We know that water is a vital resource, critical for all of us. The provision of such an essential public good cannot be left in the hands of corporations, who will raise prices in the search for greater profit. Tell the moderator that allowing the market to determine the price of water will severely impact the world’s poorest people, subjugate environmental conservation, and trade public control for private profit.

Join the debate!

For more information about the water debate, read the Private vs. Public report and others on our website.

The Water Team
Food & Water Watch



  1. It’s hard for me to see this issue as black or white.
    The main controversy arouses from the definition and classification of water: is it a good and a commodity or not??
    The fact is, as I see things, water is and is not a commodity. In other words, oil and gas are nowadays as essential as water and so “utility” can not be seen as the determining factor in this debate. Thus it’s not because water is so indispensable that it should not be commodified.
    However, if we considered things from a humane point of view, it’s almost impossible not to see where privatization of water resources may lead. Only harder times and a deterioration of life conditions for the poorest are at the horizon.

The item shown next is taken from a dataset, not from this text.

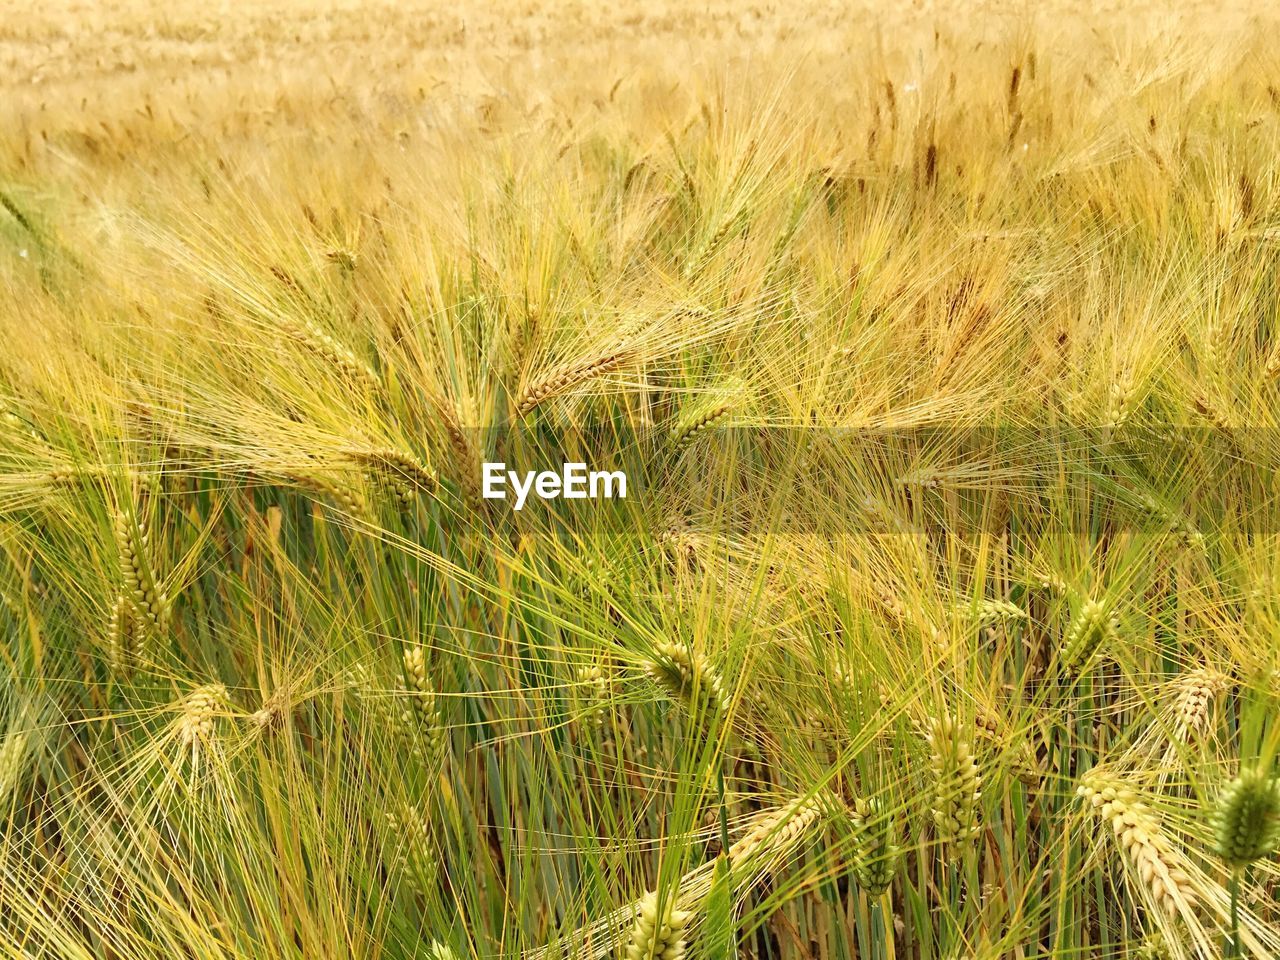 Full frame of wheat field
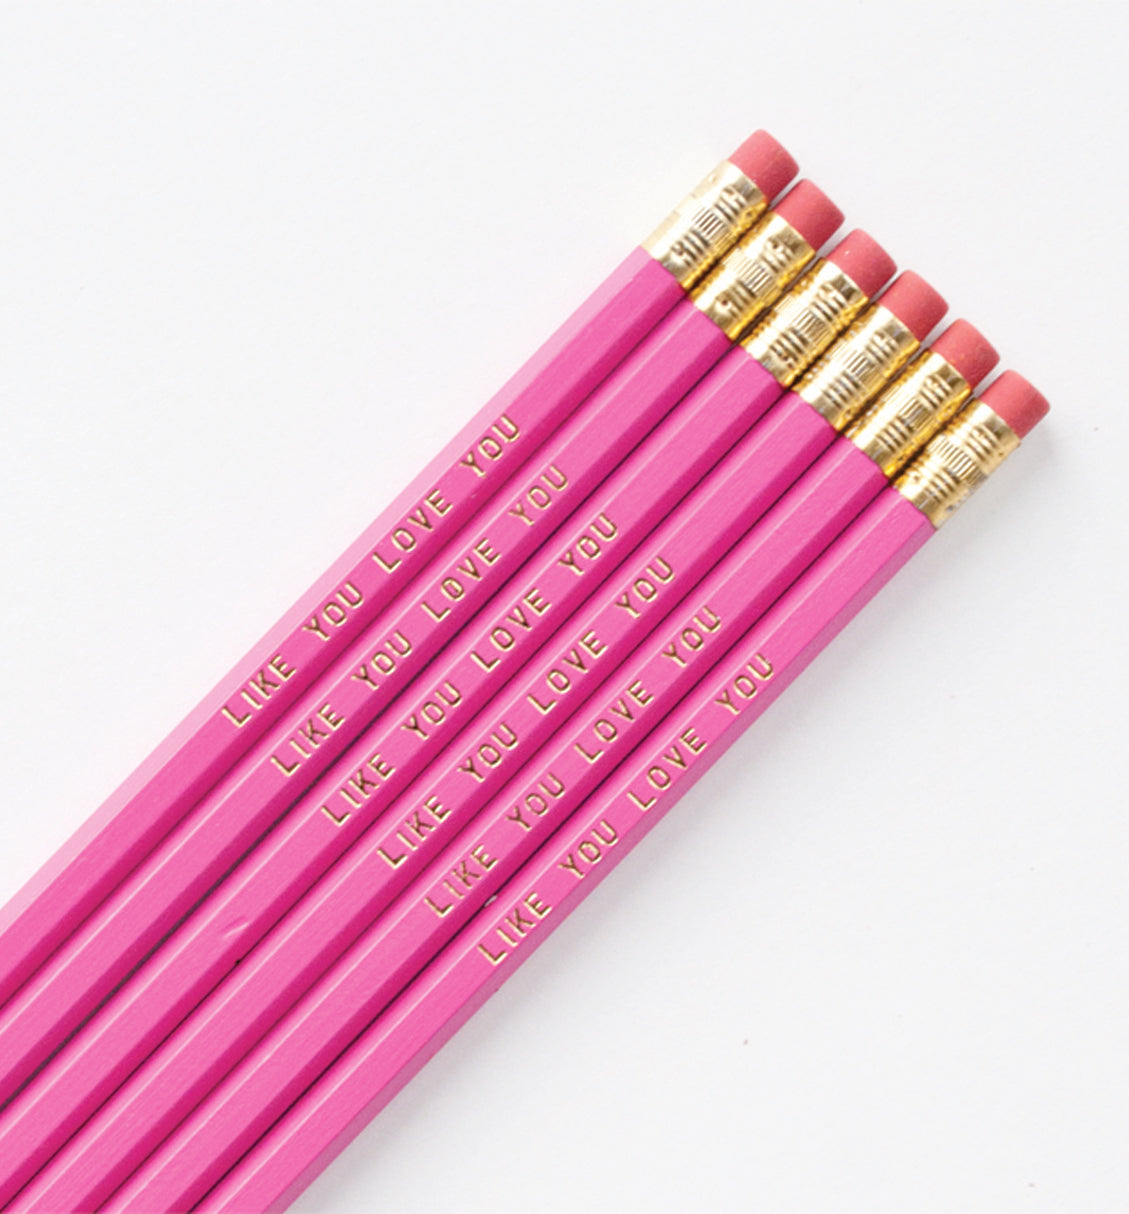 Like You Love You pencil set

    I can only hope that IF this project of privatization and commodification of water ever sees the light, the issue would be dealt with according to peoples’ basic needs before the corporates’ interests.
    (unfortunately we’re not in Utopia. And in an economically unequal world, the only way to avoid more human sufferings is to avoid such projects)

  2. I was completely unaware of this dilemma. People around the world are becoming more selfish by the day. Water is not a commodity. It is indeed,in my opinion, a “vital resource” and hence no one has the right to control it except the public. I find it absolutely despicable that corporations would even consider raising prices of water for their own profit. I truly hope people all over the world realize what’s going on around them in time to prevent the privitization of water. I can’t even think what might happen to the poor people if this project succeeds.

  3. since the dawn of history water has been an essential need.
    however, looking at the economical and technological developements many things that didn’t even exist became essential. so we can’t just consider water as a necessity and give it to the public. the economy demands that water must be used and profited from; and one can still profit noticeably without jeopardizing the health of the poor by decreasing the gain per individual.